So far I've given it 4 requests and it has come back with "Sorry, I wasn't able to generate the images you requested". Nothing difficult - for example put a face on this banana.
@dhruvbnaik we need to hire many workers to create a labeled dataset, which is kinda expensive, however with gemini we can just create a generated dataset and do verify with humans or so
Keep in mind you can prompt with more than just text. You can prompt a bounding box and ask to generate an image with cat inside the bounding box. Repeat a million times and now you have a million photos of cat and known bounding box.
So, I'm guessing this image generation feature isn't available to regular users at the moment? I tried using Gemini 2.0 Flash Experimental in AI Studio to generate some images, but it kept just describing the image instead of creating it.
A few hours after the video came out, it claimed to be creating images, but the imgur links it gave me were blank. I figured I'd give it a couple of days to iron out whatever issue that was, but now it says it doesn't do images at all. I'm disappointed. I was excited. It now says that it may have hallucinated an ability to generate images.
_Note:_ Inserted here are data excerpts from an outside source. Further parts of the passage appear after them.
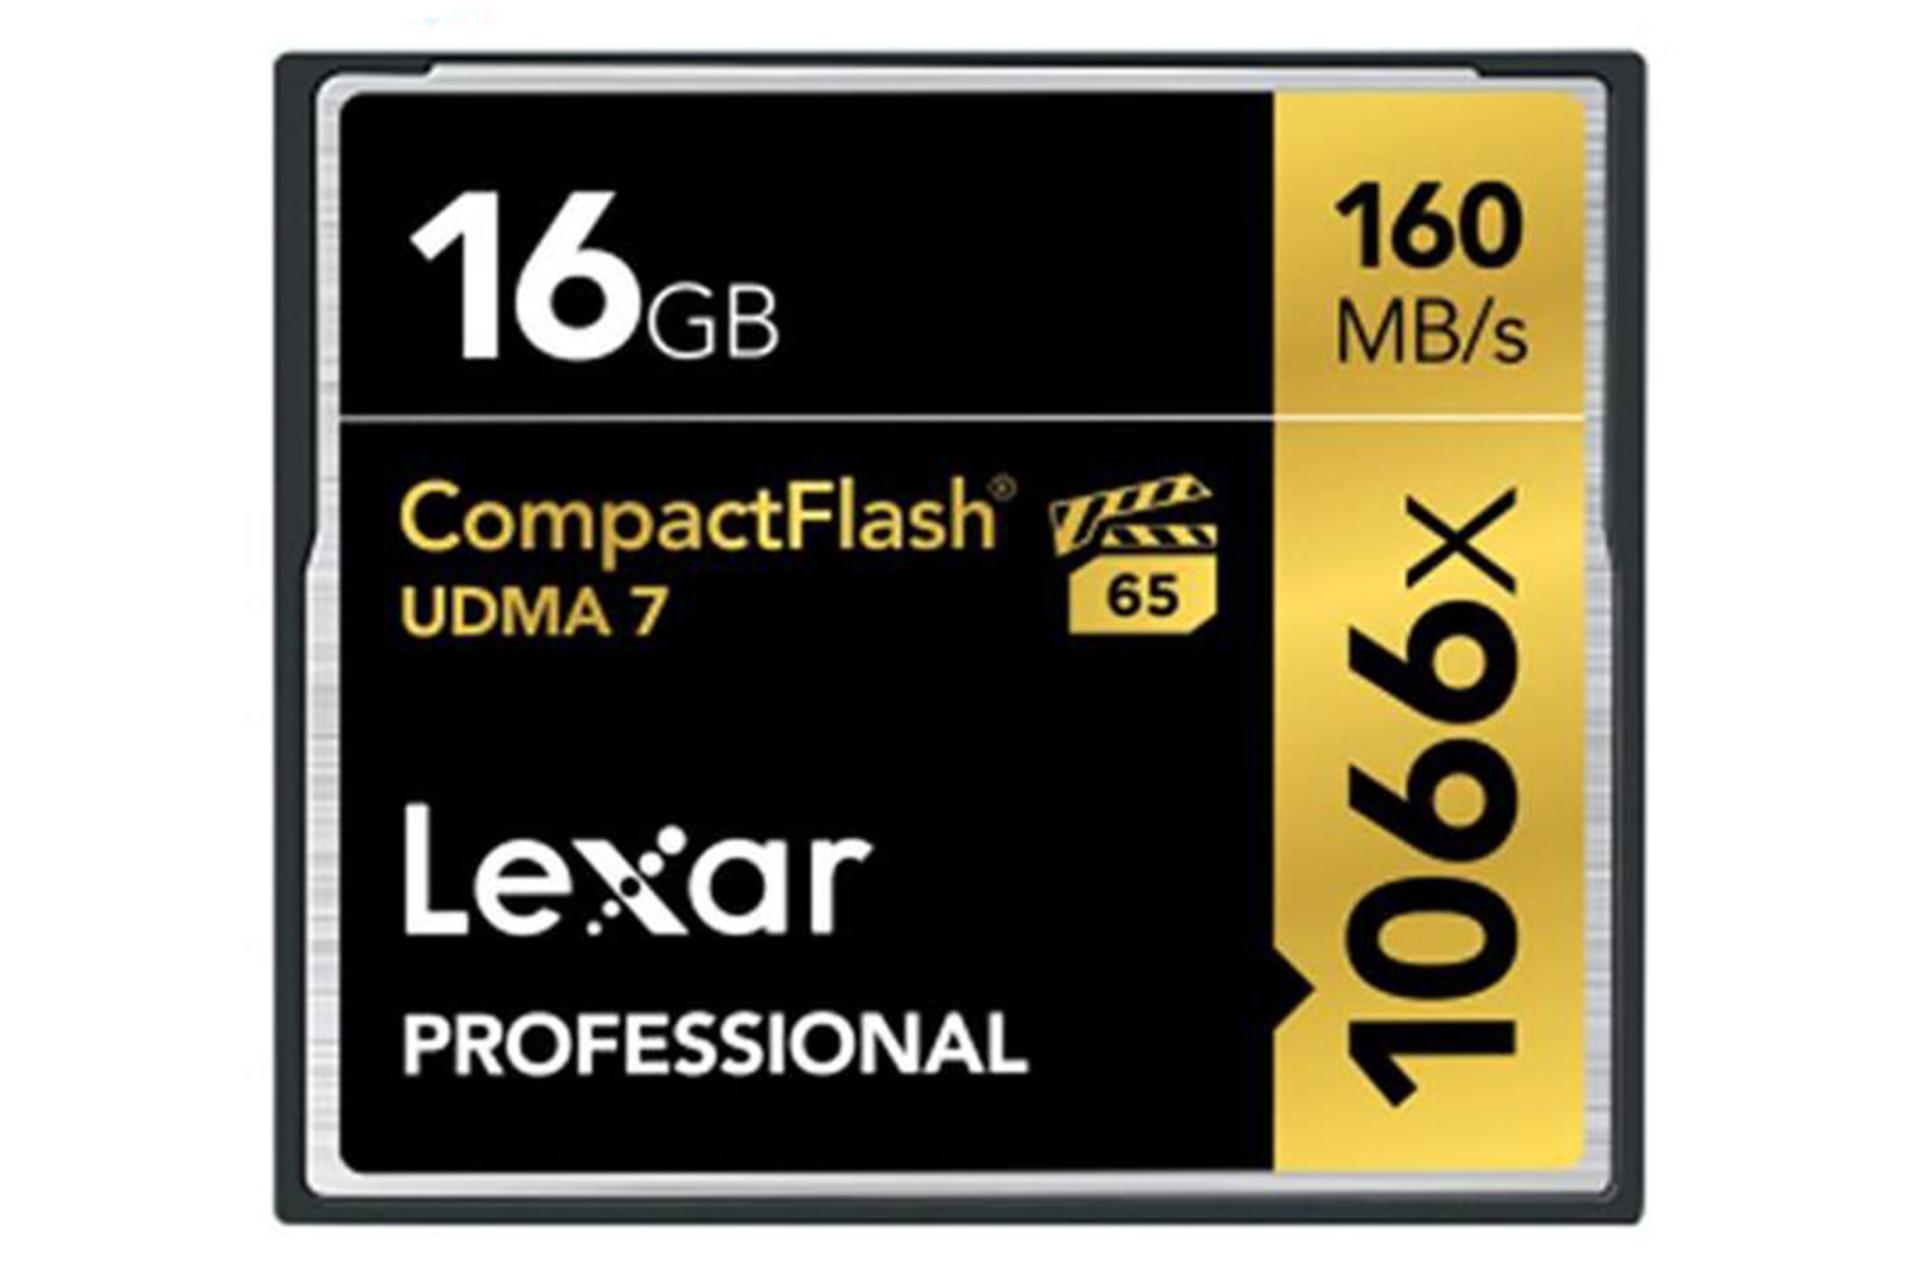 Lexar Professional CFast 2.0 16GB
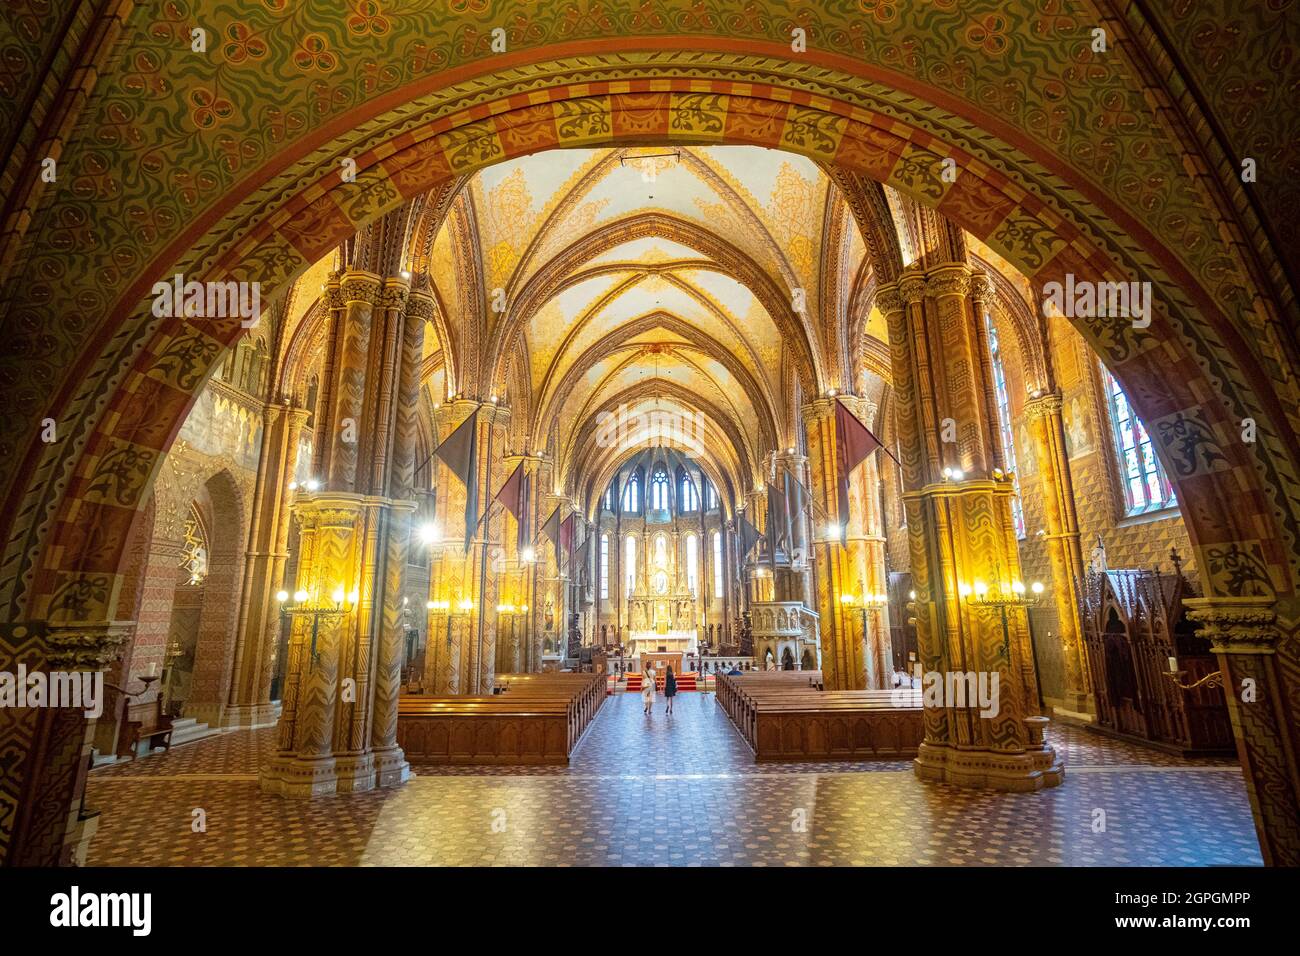 Hongrie, Budapest, classée au patrimoine mondial de l'UNESCO, quartier de Buda, colline du château, église Matthias (église notre-Dame de l'Assomption de Budavár) Banque D'Images
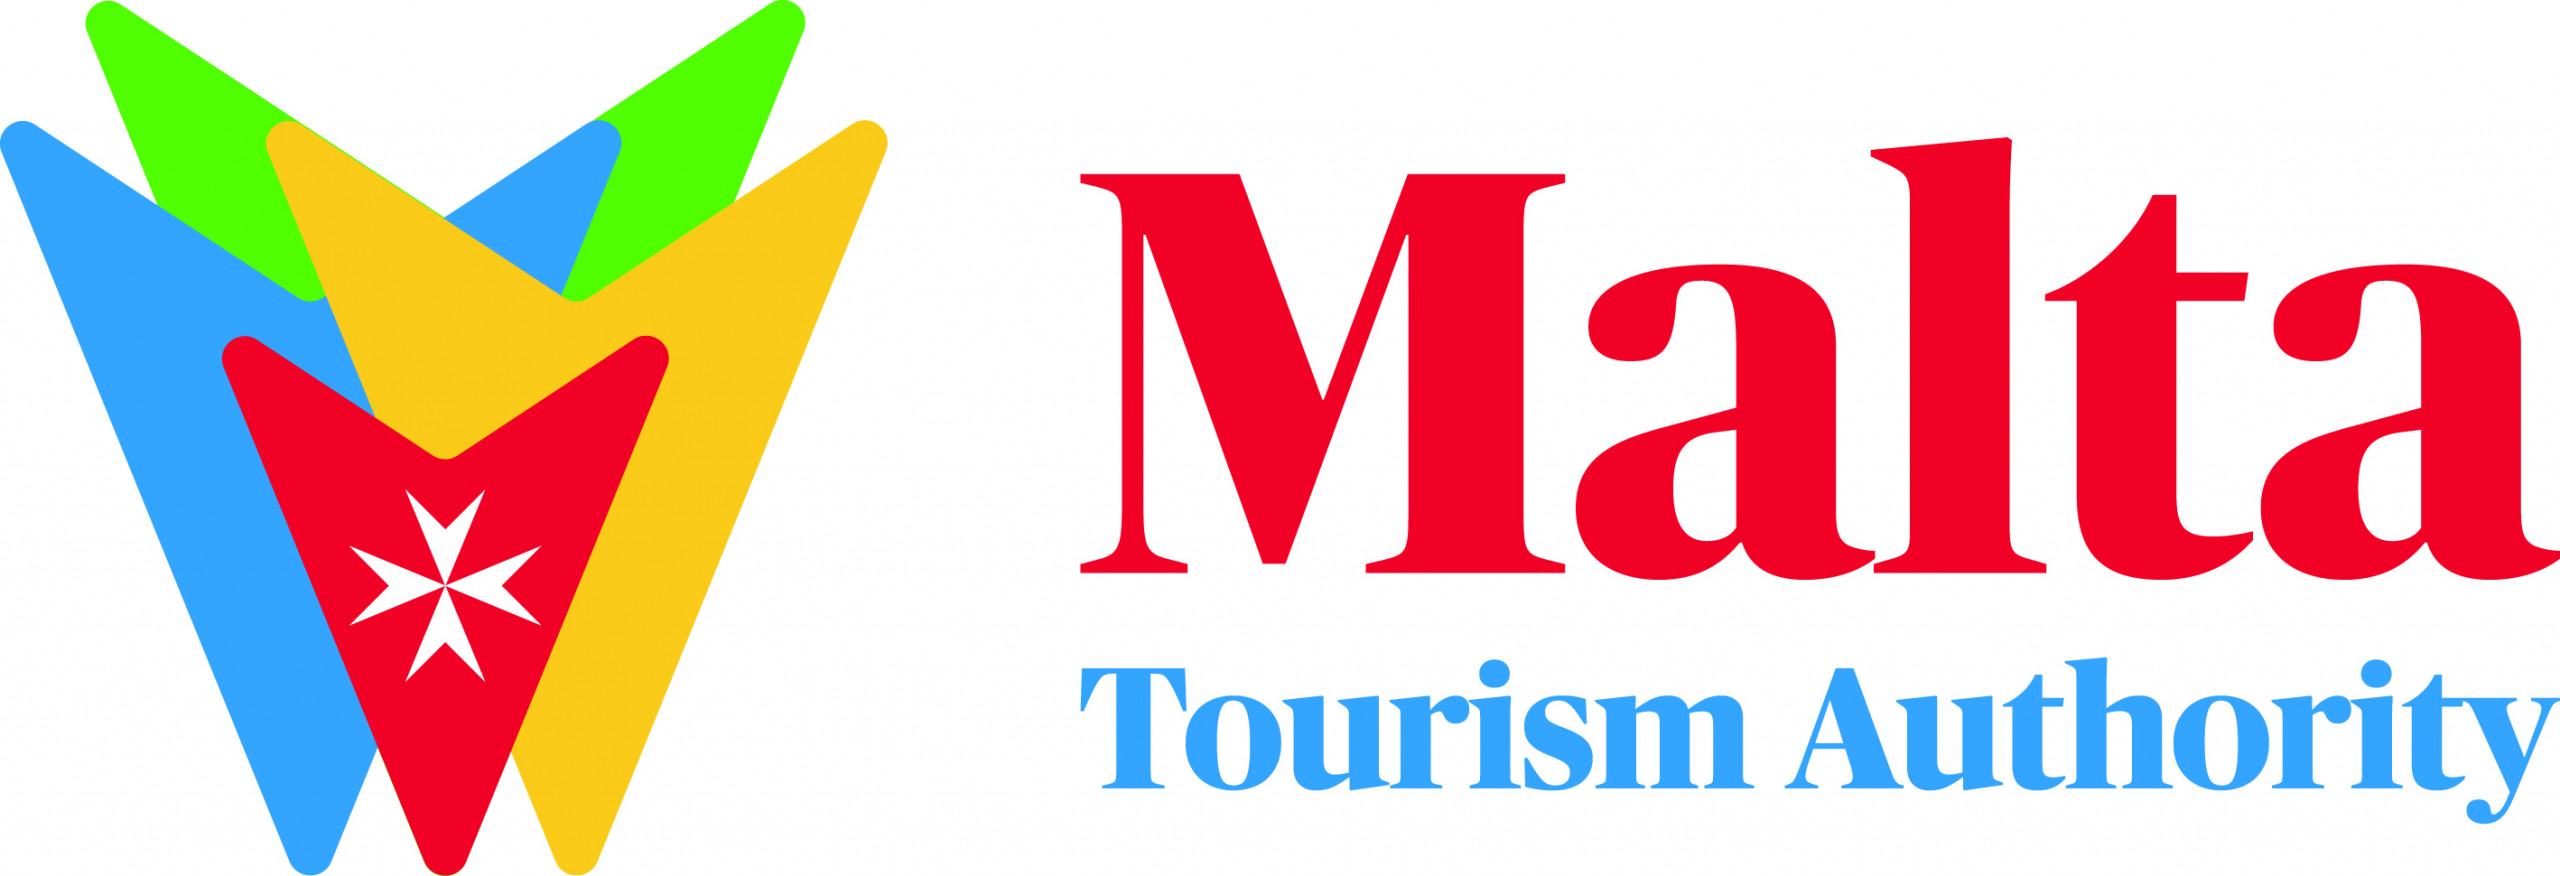 Malta_Tourism Authority
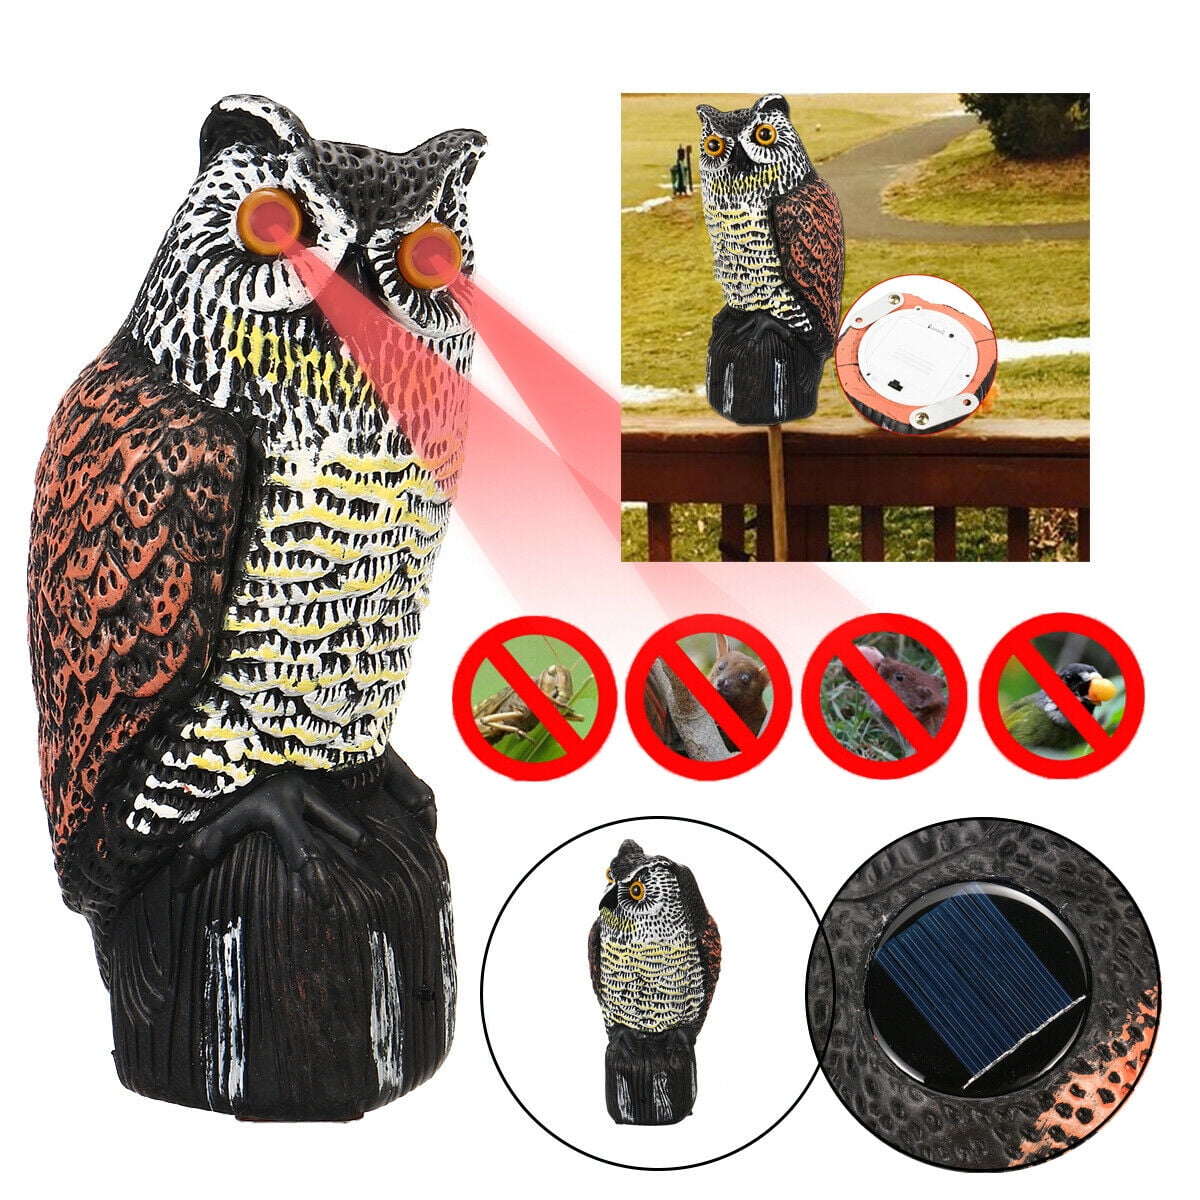 Owl Decoy Realistic Garden Yard Pest Repellent Bird Scarecrow Outdoor Decor US

We're living in interesting times for computers.
I see the incredible capability of the model!. The model is exactly following the instruction with very good accuracy, latency and quality of image. Hatts off to the research team. 👍👍
I tried to do pretty much the same thing with a picture from my laptop, and it doesn't generate anything, it gives me text, especially on Google AI Studio and the Gemini web app.
@@darcos-i6sThey introduced multimodal features (like single model image generation) back in May. But they still haven't released it. Search for "hello gpt-4o"
@@hetthummar9582 I have the model in my studio, it never succeeds in generating images for me tho, either confused thinking it doesnt have the capability - or tries and i get content warnings on the most innocent of requests (sunset over ocean, futuristic font, whatever).
When I ask it to do this, it says "sure!" and then hallucinates an imgur url . The model I'm using is "Gemini 2.0 Flash Experimental". I guess I am not one of the early testers who gets the new output modalities. Is there some way to see this from aistudio, or do we just have to try and see if it works?
And with this image generation has been perfected after 3.5 years. Now it is possible to create any image with character consistency. I wonder how long it would take to perfect video with sound to get movie creation
From Google's blog: "These new output modalities are available to early testers, with wider rollout expected next year." So my question to Google is, why do they use phrases like "It can NOW natively generate images...blah blah."
Hey guys one of the early tester here! The model is fantastic to play with but Idk when I am generating an image it doesn't show it visually just gives me some bunch of code what should I do about that?
i'd love to see it switch the POV of the car to inside the driver's seat whilst flying through the clouds. The creativity you can have if this is possible is immeasurable.
I'm scared for the future of our national security. This is the voice of our nation's men now. They are not strong enough to defend our country. What would you need to do to an adult man to make him sound like this? Not good.
I would normally agree, but they just shipped their realtime voice API, and it's pretty impressive. I have a little bit more confidence now that what they are saying they can do here is actually possible and will be made available, but let's see
I tried this literally with the same exact car and prompt and it couldn't do. The multimodal live AI thing is working crazy good though. Google is cooking
I dont think it will still work on humans in the image:/ this is kinda not that good because of it , sincealot of images have humans in it even if not intentionally
Oh woooow this is realllllllly willing to hallucinate answers. Just gave it a quick try, and asked it about a bunch of stuff that either doesnt exist or it doesnt have knowledge of, and it will just go oooon and oooon inventing stuff. Would not use for most things.
This is the calmest advertisement for something so game changing I've ever seen
So far I've given it 4 requests and it has come back with "Sorry, I wasn't able to generate the images you requested". Nothing difficult - for example put a face on this banana.
I'm so surprised this hasn't gotten a lot of attention yet... but i mean it has only been 20 minutes
im already going insane
Did it work for you?
@@austriasdaughterssons3617 it's not editing images for me, it fails and hallucinates
20 minutes these days is closer to 20 hours pre-AI time. perfectly understandable
just tried, didn't work
The most expansive part of training CNN models is labeling. This is a game changer for generating ground truth data for robotics and self driving.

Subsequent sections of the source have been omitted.